- **What is required**
I'd like the data below restated word for word, with the pictures left out.
-- Information shown follows --
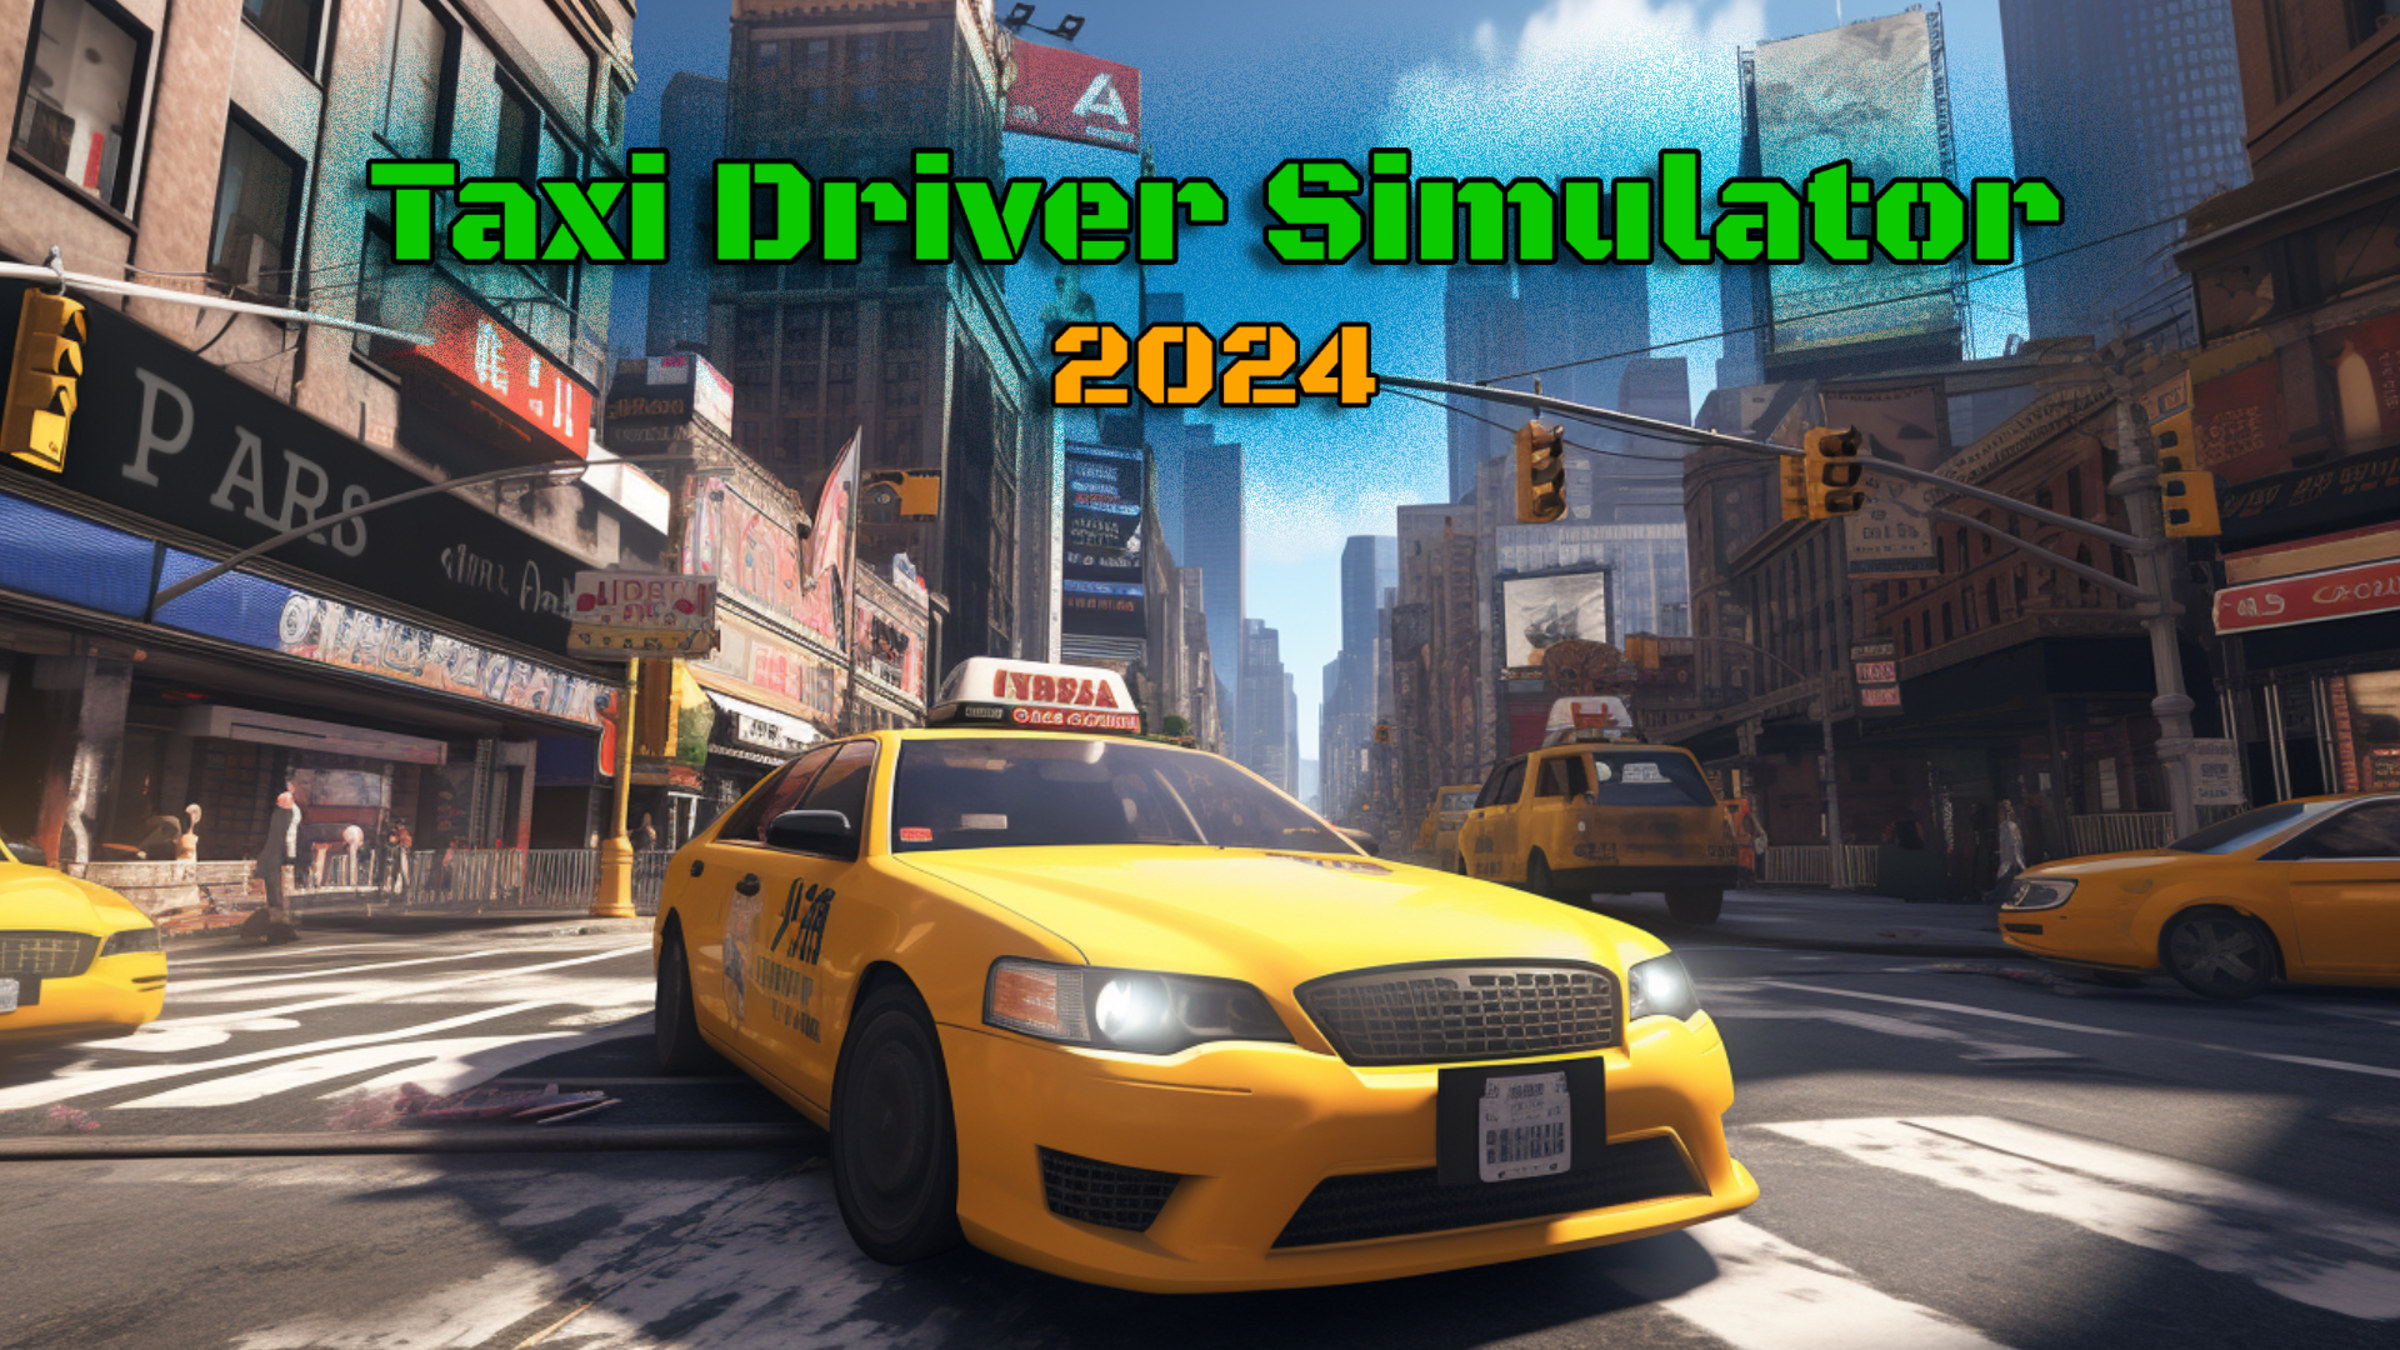 Taxi Driver Simulator 2024 pour Nintendo Switch - Site officiel Nintendo
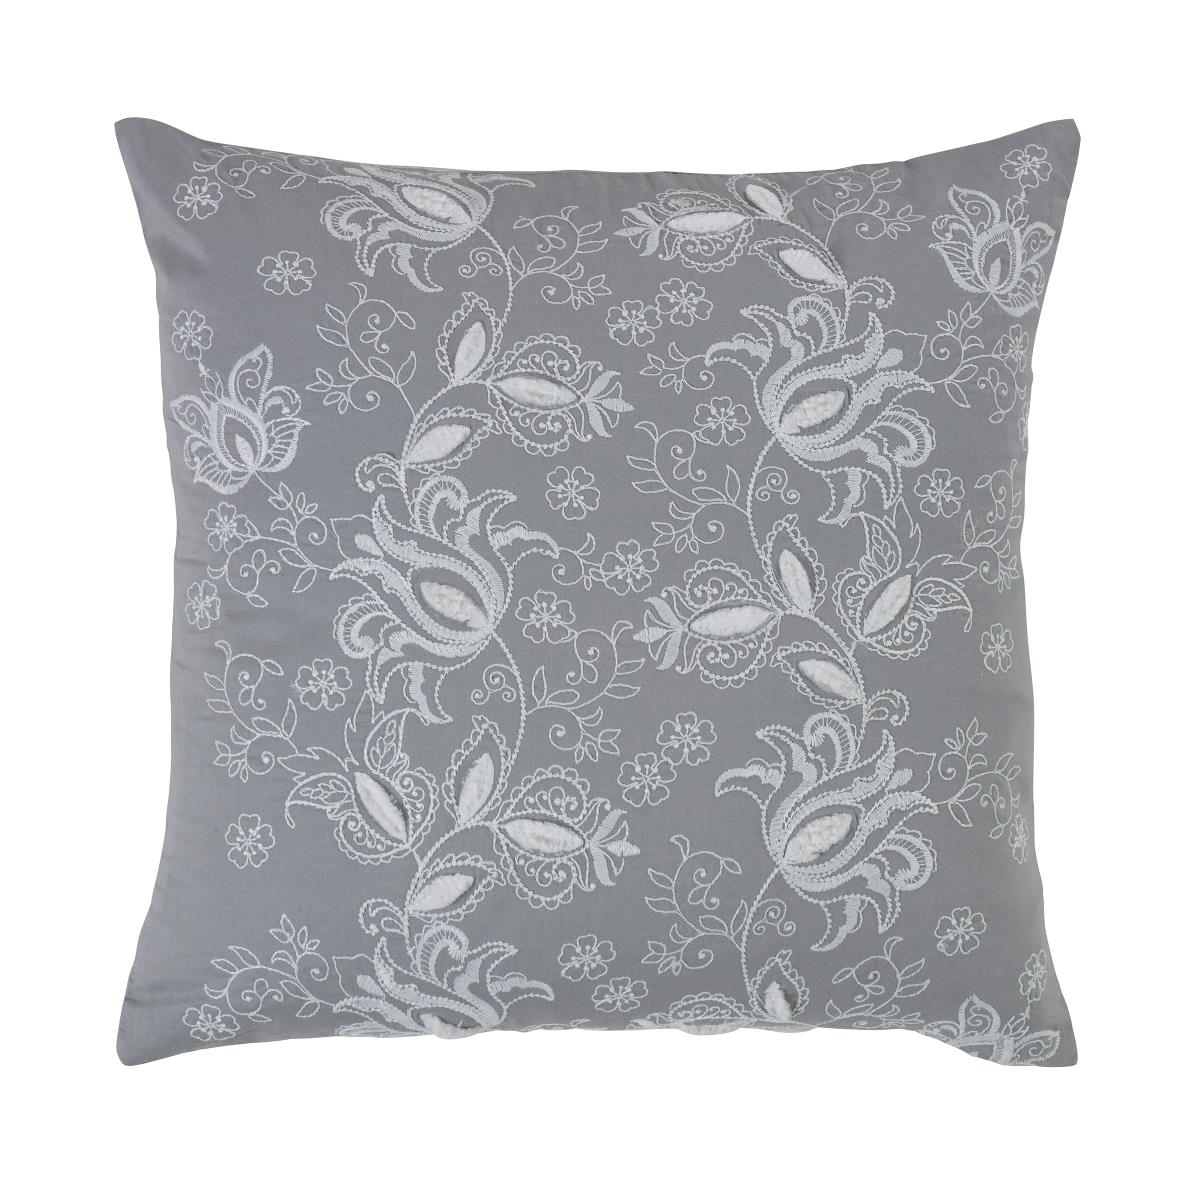 Y00361 Decorative Embroidered Pillow - Vista Grey
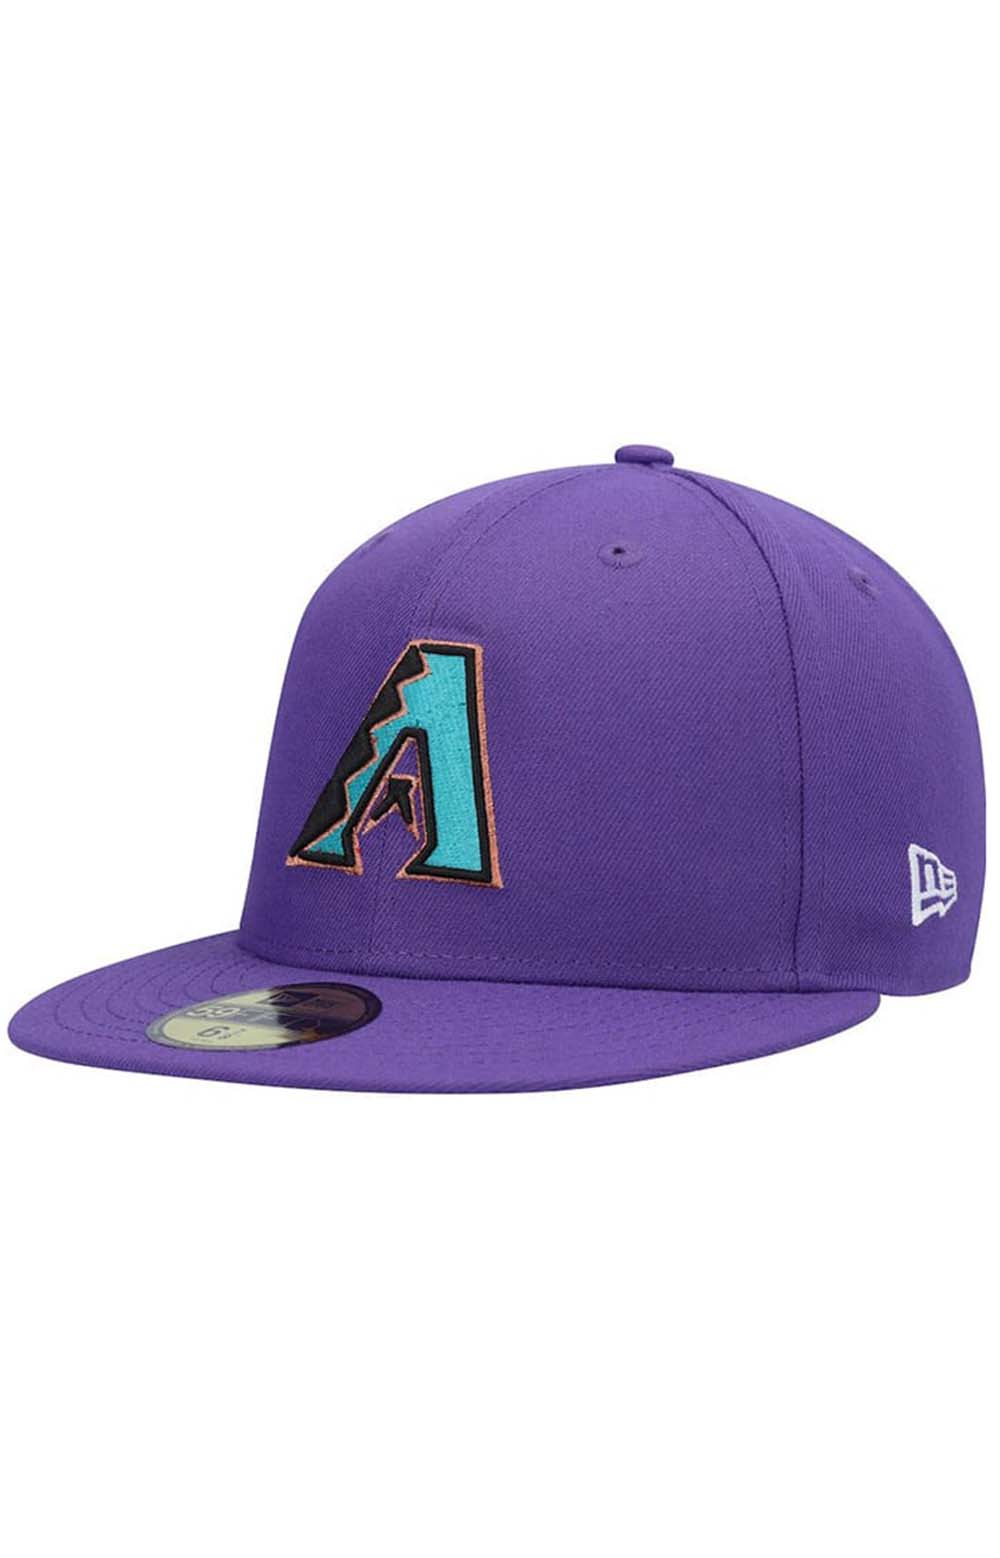 Arizona Diamondbacks Stateview 59FIFTY Fitted Hat
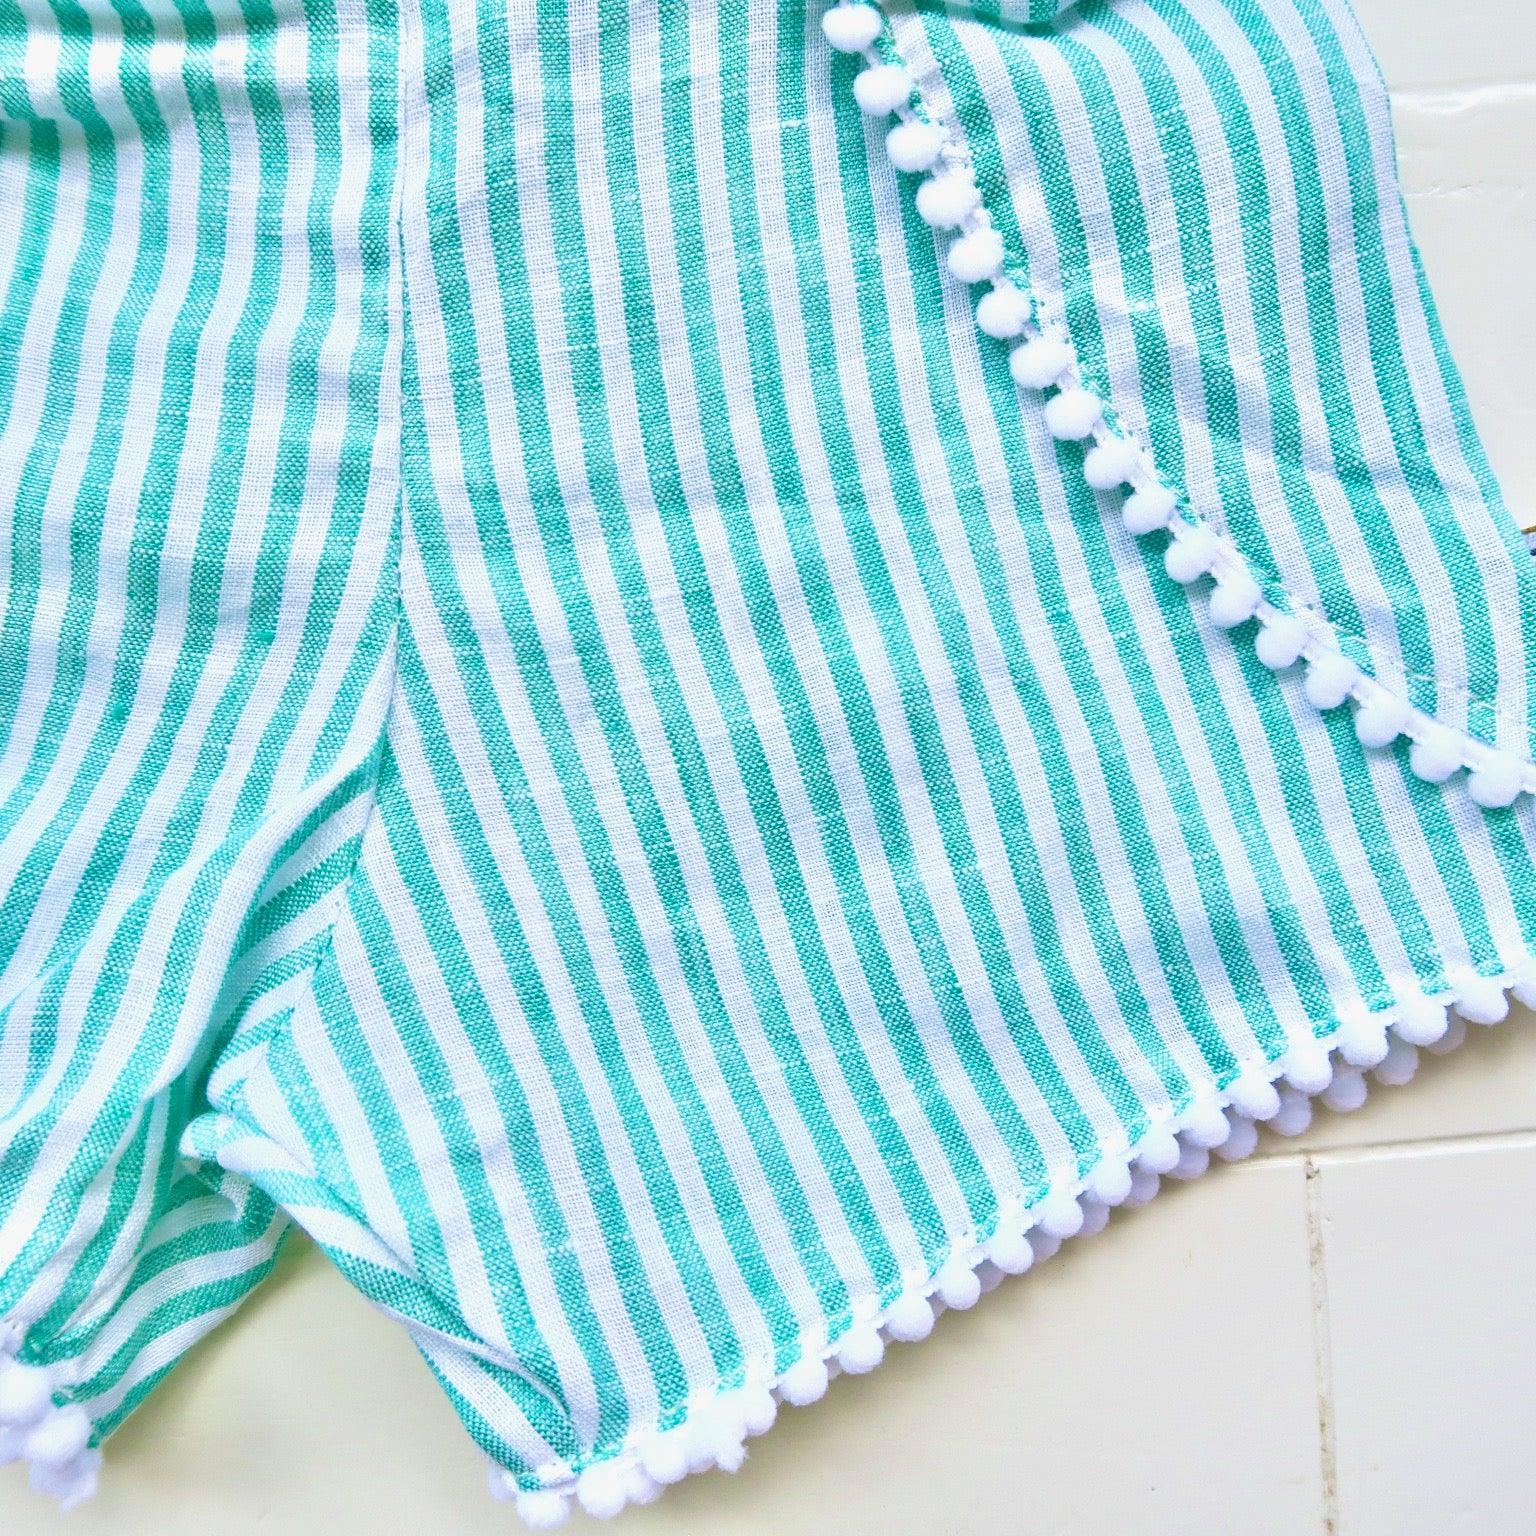 Pompom Shorts in Arcadia Green Linen - Lil' Tati
-- Information shown concluded --
- **Solution to the problem**
 Taxi Driver Simulator 2024 pour Nintendo Switch - Site officiel Nintendo
 Y00361 Decorative Embroidered Pillow - Vista Grey
 Arizona Diamondbacks Stateview 59FIFTY Fitted Hat
 Pompom Shorts in Arcadia Green Linen - Lil' Tati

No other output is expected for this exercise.